The most important commodity in a plant is not the machinery, but rather it’s the employees. A safe and healthy work environment positively influences employee morale, health and productivity. If you invest in safety from the beginning, your company will save money in the long run. Work-related injury and illness can be costly.
OSHA reported 860,000 cases of job-related injury and illness in 2006, resulting in 5,700 deaths. These injuries can be extremely costly, not only for the injured employee, but also for the companies. OSHA estimates that businesses spend $170 billion a year on costs associated with occupational injuries and illness.
Safety doesn’t have to be complicated, confusing or costly. Here are five steps you can take to keep employees safe and costs down.
1.) Join a standards committee.
Joining a standards committee gives you first-hand knowledge of the newest regulations and legislation. Staying up-to-date gives you time to update safety measures, saving you time and money in the process.
To find out about committees, approach a standards organization and ask how to get involved. You can also search their website for available committees.
2.) Join an organization that provides trade shows and seminars.
By joining an organization that provides trade shows and seminars, you expand your knowledge base and mindshare. Trade shows and seminars are great opportunities to not only learn about new standard, but also to see new technologies available to help you meet those standards.
Networking at these events also gives you the chance to utilize colleagues as sounding boards for issues or problems you may have with safety. In addition to organizations in your industry, check out insurance companies that handle workers’ compensation insurance. Quite often they will have safety information, as well as employer education seminars.
3.) Create an internal safety committee.
An internal safety committee is a great way to enforce safety regulations. Schedule monthly assessments of machinery and procedures to ensure that employees are performing duties in a safe manner. Monthly assessments also give you the opportunity to be proactive in solving issues before they become emergencies. To make the most out of your safety committee, consider sending members for training and further education regarding safety standards and regulations. Between trade organizations and government entities, it should be fairly easy to find a program that suits your needs. OSHA offers training and education either through the OSHA Training Institute (OTI) or through the OSHA Outreach Training Program.
4.) Benchmark another company that has a good safety history.
By benchmarking a leader in safety, you can assess your current safety policies and measures to ensure they line up with a company that has a proven track record with safety. Benchmarking allows you to see how other companies have handled similar situations and follow their lead. To find a company to benchmark, look for companies that have been recognized by OSHA as a Star site, the highest level of performance in OSHA’s Voluntary Protection Programs.
5.) Schedule a plant and risk assessment with an outside safety company.
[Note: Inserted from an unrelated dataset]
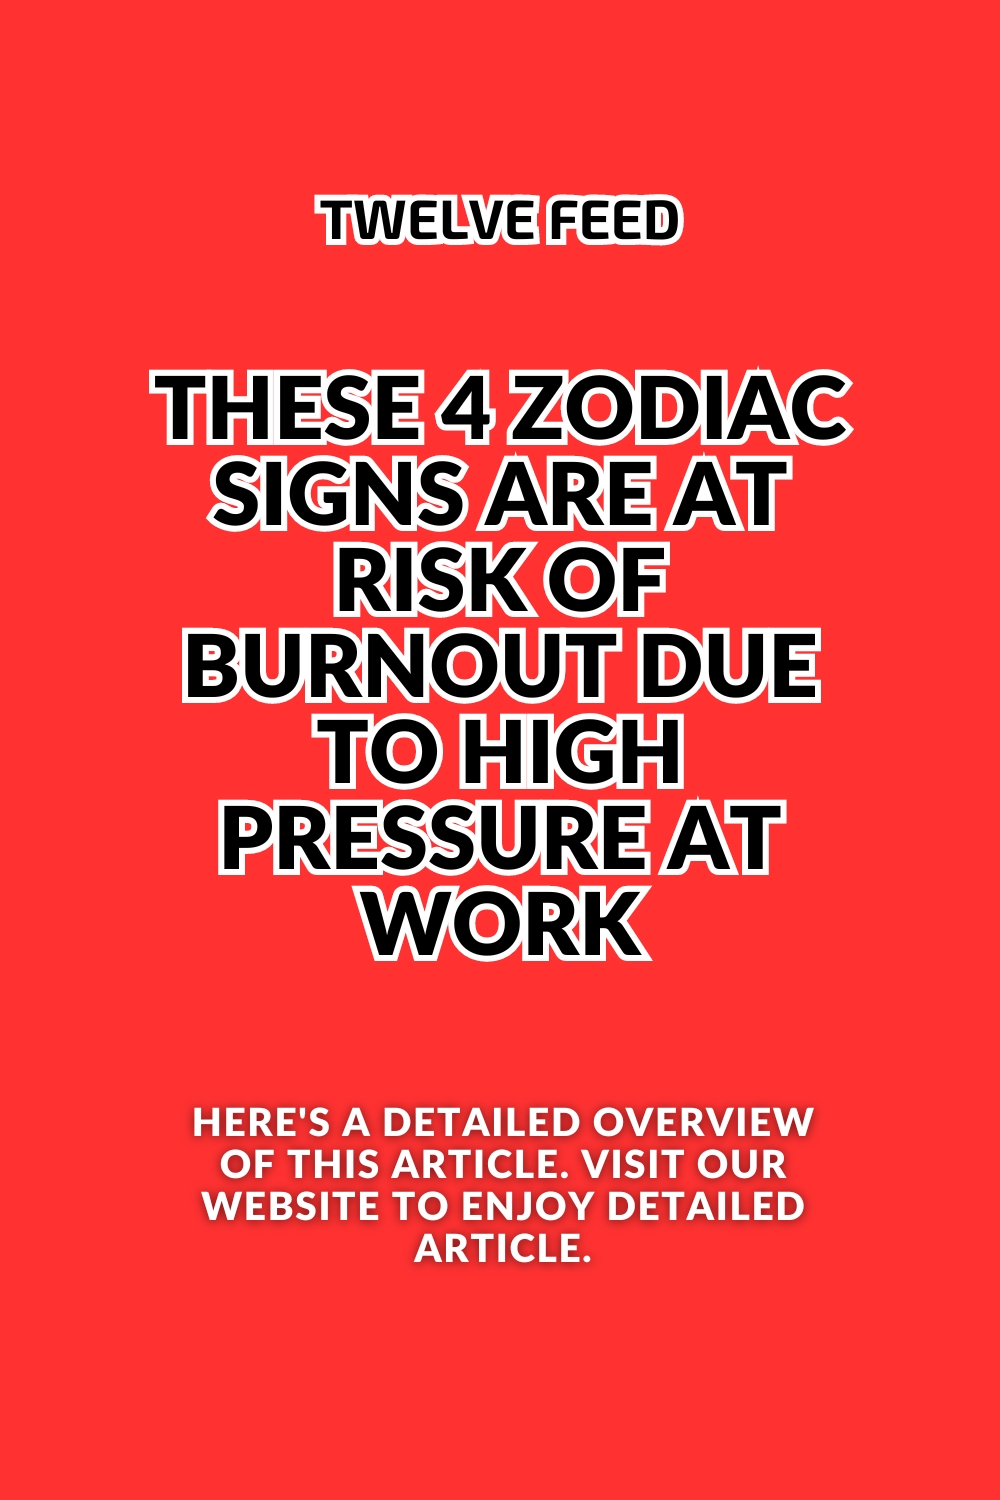 4 Zodiac Signs Are At Risk Of Burnout
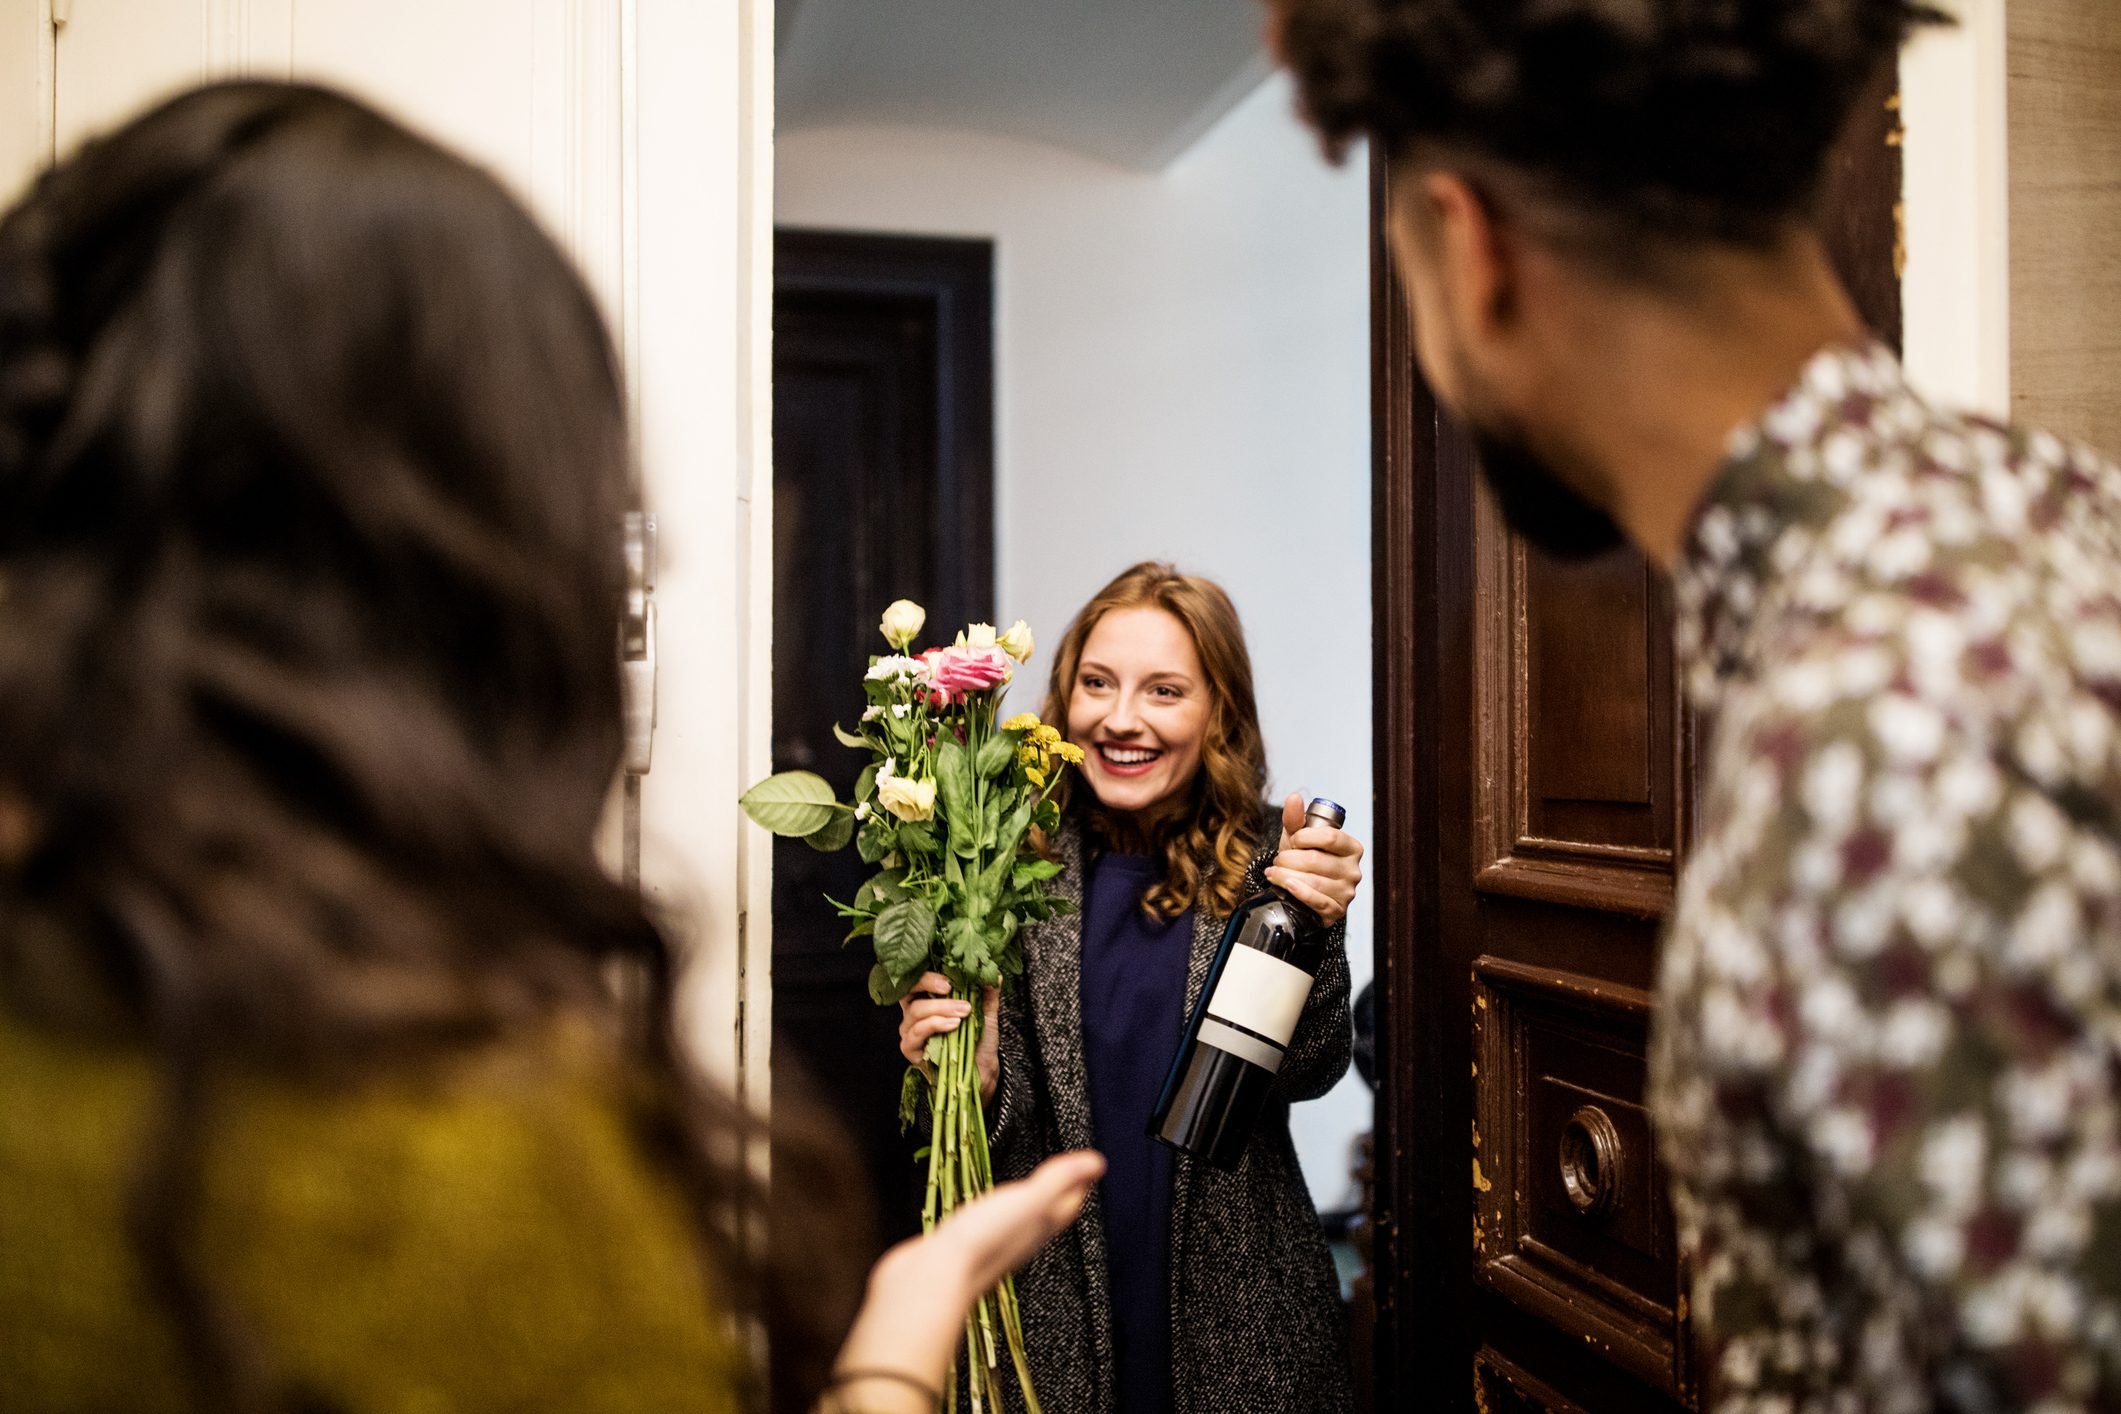 Woman holding bouquet and wine bottle while visiting friends

Companies that perform plant and risk assessments are experts in safety. They have knowledge of the newest standards and what steps need to be taken to implement the latest regulations. When a risk assessment is performed, a documented physical examination and inspection of either a single machine or an entire plant is carried out under the guidelines of applicable national and/or international standards. Safety improvement on existing machines can be prioritized and implemented based on known risks, thereby extending the working life of the machine. Early identification of hazards on new machines will save time and money by facilitating the integration of appropriate safety measures.
A typical risk assessment includes:
- Identification of applicable standards, regulations and best industry practices.
- Statement of machine limits.
- Examination of all hazards throughout the relevant machinery lifecycle phases.
- Estimation and evaluation of risk.
- Recommended approach for risk reduction.